13 Therefore we have been comforted in your comfort. And we rejoiced exceedingly more for the joy of Titus, because his spirit has been refreshed by you all.

14 For if in anything I have boasted to him about you, I am not ashamed. But as we spoke all things to you in truth, even so our boasting to Titus was found true.

15 And his affections are greater for you as he remembers the obedience of you all, how with fear and trembling you received him.

16 Therefore I rejoice that I have confidence in you in everything.

boasted (v.14) = lit. “living with head up high”

In the above passage we find two men rejoicing exceedingly: Paul and Titus.
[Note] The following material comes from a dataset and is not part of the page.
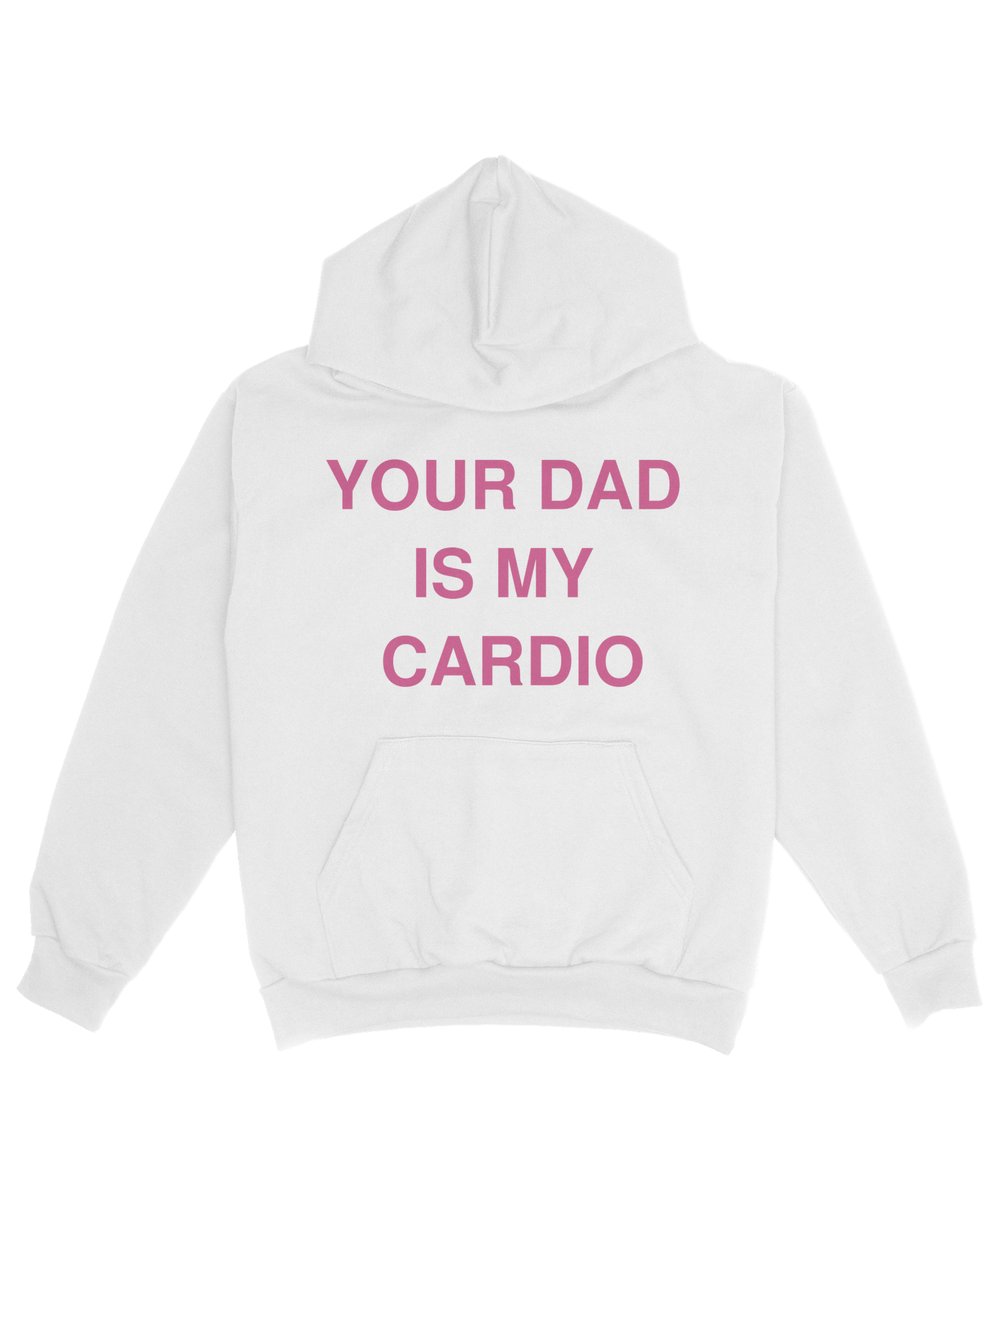 YOUR DAD IS MY CARDIO OVERSIZE HOODIE
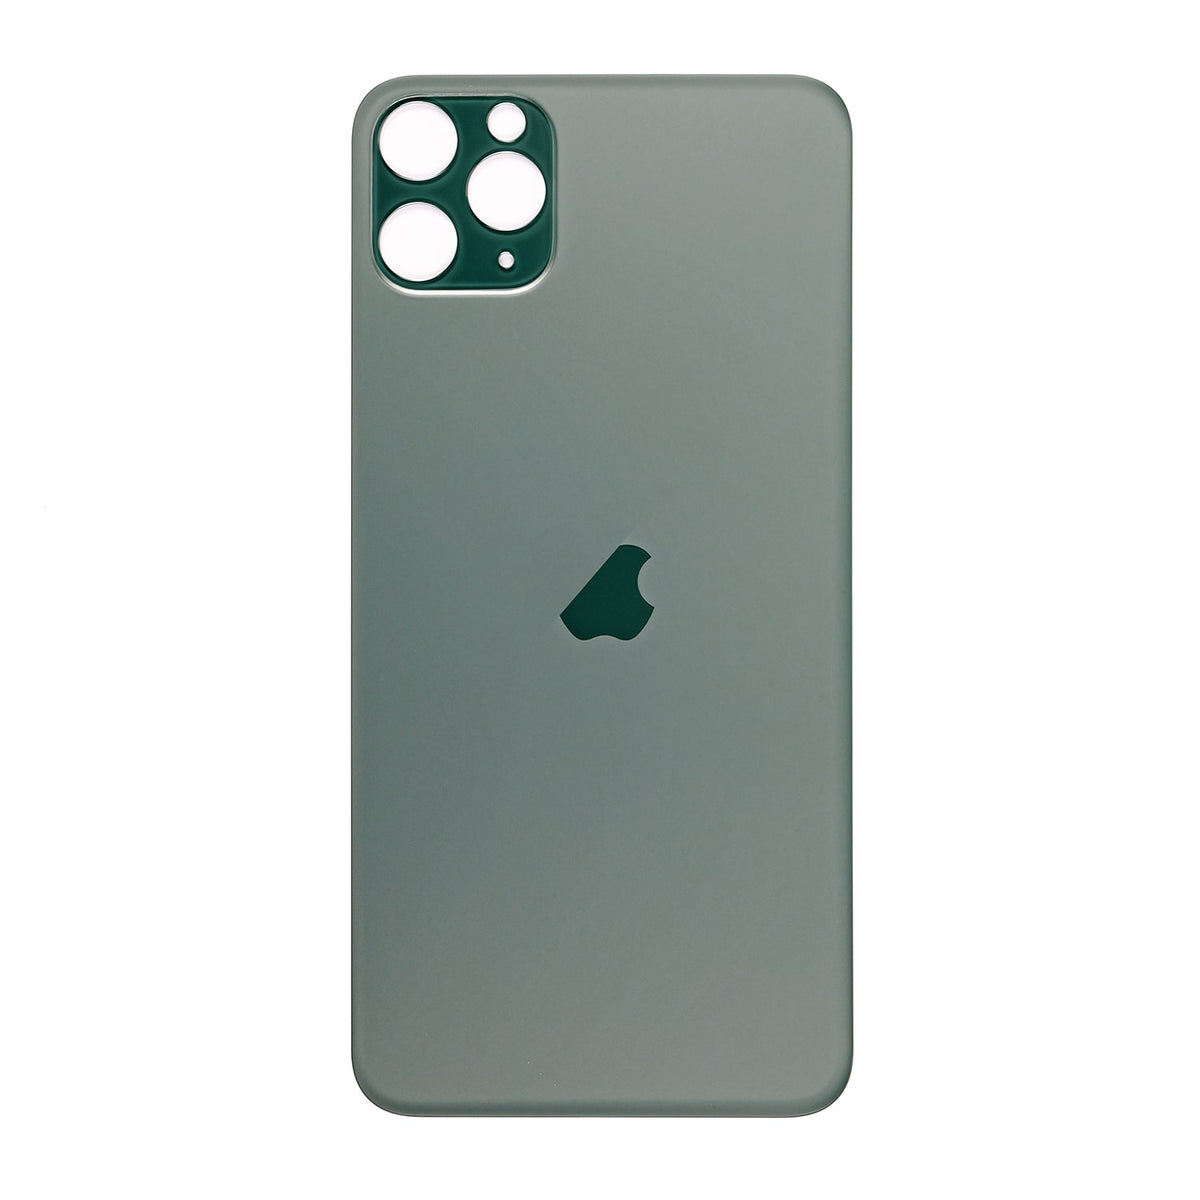 BACK COVER - MIDNIGHT GREEN FOR IPHONE 11 PRO MAX

But of Titus we read that his “inward affection” for the Corinthians was the “more abundant” as he remembered their “obedience,” how “with fear and trembling” they had received him.

This was no doubt partly due to their own failures, which he had come to discuss with them. However, it must also have been partly due to Titus’ own strength of character.

It is interesting that in Paul’s letter to him he addressed him as a general in the army might address his lieutenant, directing him to set in order the things that are wanting, to exhort and convince the gainsayers, to stop the mouths of the unruly and vain talkers, to rebuke sharply those who live in sin and to reject wilful heretics (Titus 1:5, 9, 11, 13; 3:10). …

The reader will recall that Titus had specially been taken, with Paul, to Jerusalem as a test case for Gentile liberty from the Law, and regarding his firm stand there we read that Titus was not compelled to be circumcised either as he, with Paul “gave place by subjection, no not for an hour; that the truth of the gospel might continue with [the Gentile believers]” (Galatians 2:3, 5).

Paul [also] chose him to be the pastor at Crete, whose inhabitants are described as “always liars, evil beasts, lazy gluttons” (Titus 1:12) —  Stam, pages 168-169.

As I understand this passage, Paul had sent Titus to Corinth to help the church members there get back on track after their many shortcomings (as explained in 1 Corinthians). But while he did this, Paul was also boasting to Titus that the Corinthians had gotten their act together. Titus found this to be true. The members of the church met him with fear (of admonishment) and obeyed his instructions. It cheered Titus to find out that what Paul said about them was true, which, in turn, cheered Paul. Paul now had confidence that they wouldn’t fail again.